Through organizations like the Bay of Bengal Initiative for Multi-Sectoral Technical and Economic Cooperation (BIMSTEC) and the South Asian Association for Regional Cooperation (SAARC), both nations might investigate further regional economic integration.
With increased commerce between the two nations, there has been a renewed push for the establishment of direct shipping services between the ports of Chittagong and Karachi.
The primary seaport in Bangladesh is Chittagong. The Chattagram Port Terminal handles 90% of Bangladesh’s commerce, with the remaining 80% going through the ports of Mangla and Payra. For the same reasons and with a notable increase in commerce, Bangladesh may likewise profit from using Pakistan’s Gwadar port. commerce between Karachi and Bangladesh’s Chittagong, Payra, and Mangla ports will increase commerce and shorten the distance between the two nations. After that, this network may be expanded to Afghanistan, Iran, Central Asia, and Northeast China.

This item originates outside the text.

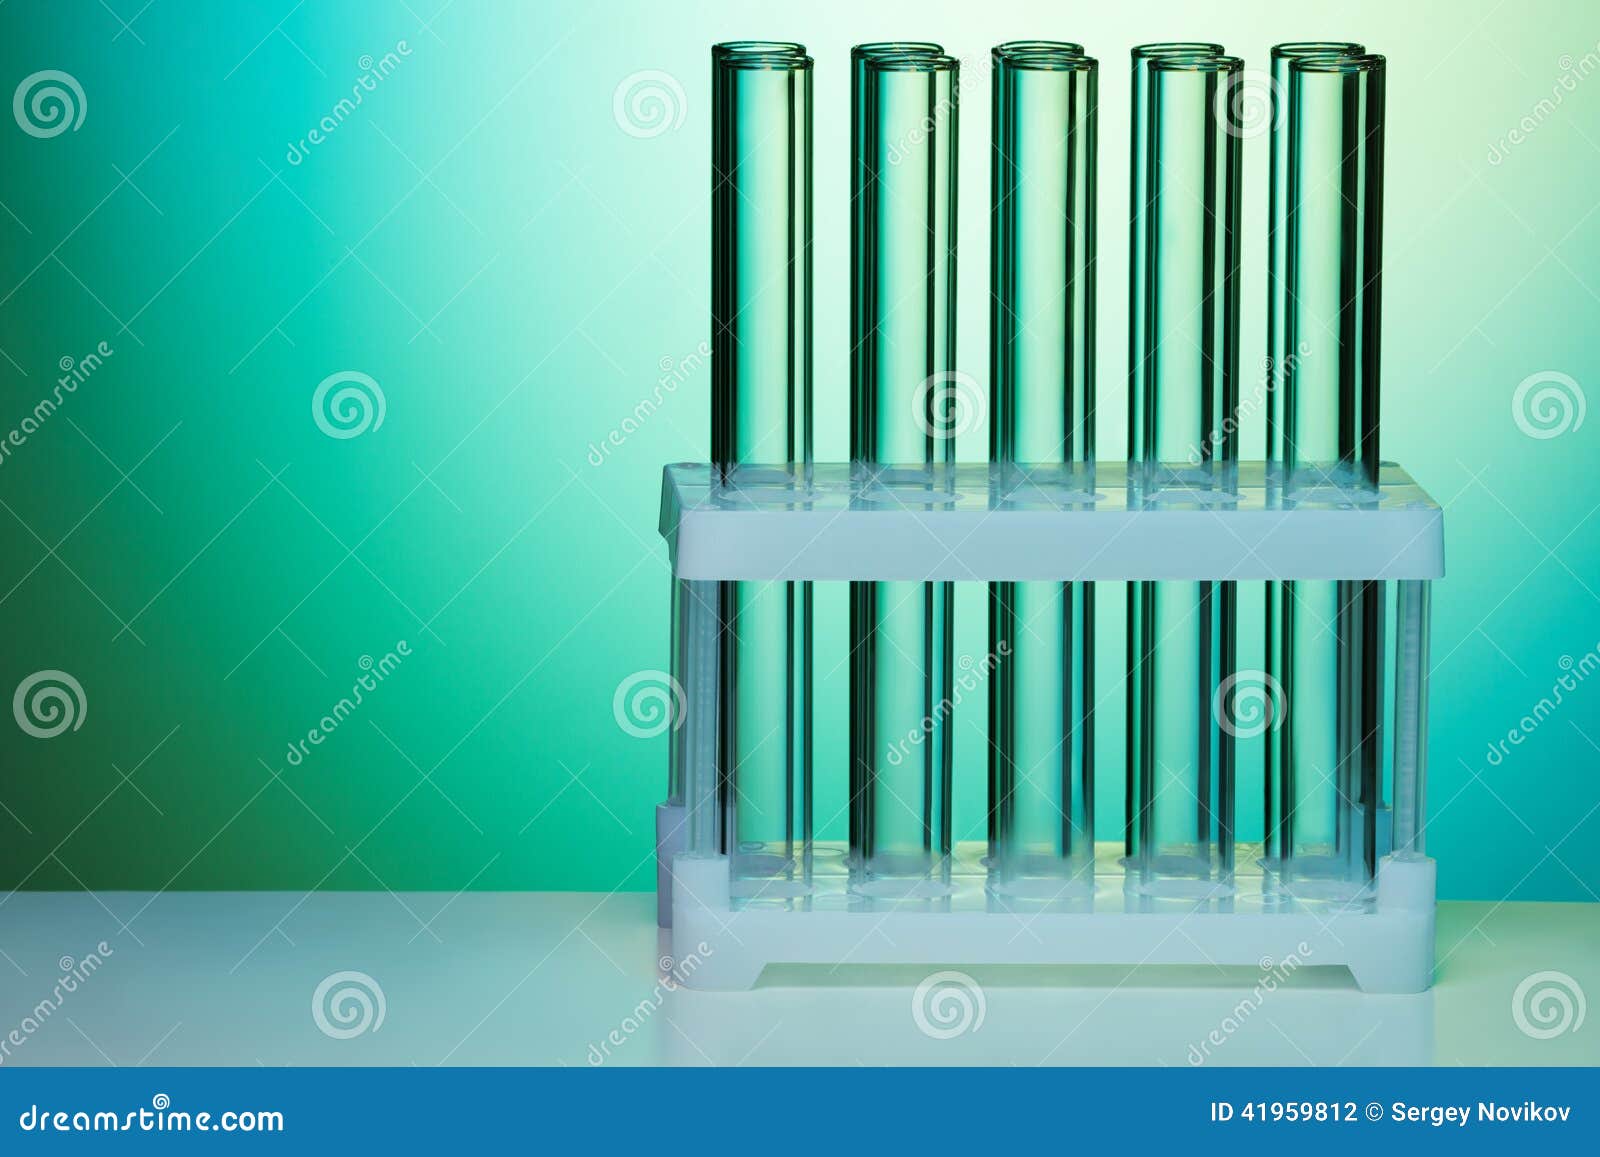 Empty Test Tubes Organized and Fixed in Rows Stock Photo - Image of ...

Connectivity at sea is essential. To establish a trilateral access and distribution center, Sri Lanka’s Colombo and Hambantota Ports can be used to link Pakistan’s Gwadar ports, which include Karachi, Port Qasim, and Keti Bandar, with Bangladesh’s Chittagong, Payra, and Mangla ports. Products like cotton are imported by Bangladesh and Sri Lanka from Pakistan, Central Asian nations, Western and Central China, and even Russia.

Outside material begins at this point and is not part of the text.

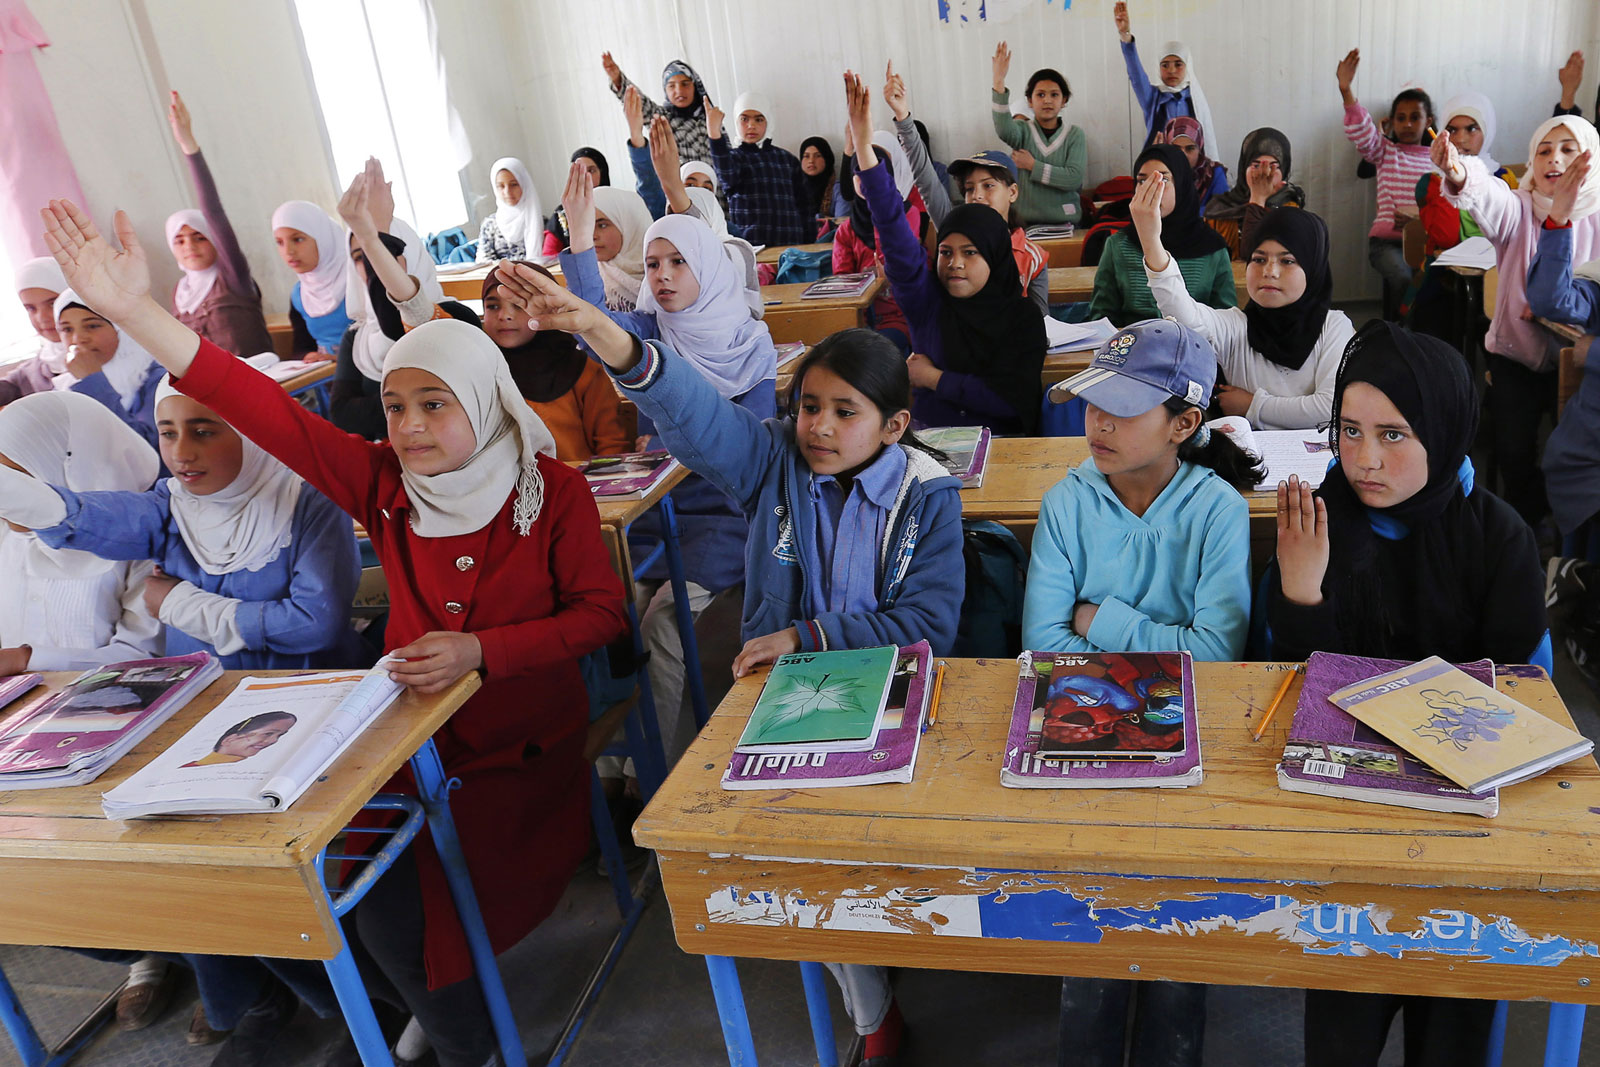 Syrian refugee students in a UNICEF school at the Al Zaatari refugee camp, near Jordan's border with Syria, March 11, 2015

Bangladeshi clothing, pharmaceuticals, fruits, and vegetables, as well as its emerging IT services and electronic sectors, can be combined with Sri Lanka’s traditional tea, clothing, rice, and agricultural businesses, as well as emerging mechanical and industrial manufacturing industries like car tires.
Bangladesh is well situated to serve as a gateway between SAARC and ASEAN, giving each region’s export-oriented businesses possible access to both. Whereas SAARC comprises Afghanistan, Bangladesh, Bhutan, India, the Maldives, Nepal, Pakistan, and Sri Lanka, ASEAN comprises Brunei, Cambodia, Indonesia, Laos, Malaysia, Myanmar, Philippines, Singapore, Thailand, and Vietnam. Between Central Asia, Afghanistan, the Middle East, and Northwest China, Pakistan serves as a gateway and a hub. As a result, supply chain value and regional commerce may be developed in a way never seen before.
It is anticipated that direct maritime connectivity between Karachi and Chittagong will be crucial to the growth of trade and commerce between the two nations. They may significantly cut down on the time and expense of shipping products between them, and they will probably be crucial in forging connections with other Middle Eastern and Central Asian nations, such as China and Russia. Direct shipping between the two nations will incentivize traders to increase their regional investment and trade. It is anticipated that both countries would gain from the development of trade and commercial corridors that are coordinated between Bangladesh’s Look West Policy and Pakistan’s Dhaka rapprochement, as well as from the building of connection through coastal shipping.( The author is a Dhaka based independent columnist and freelance journalist).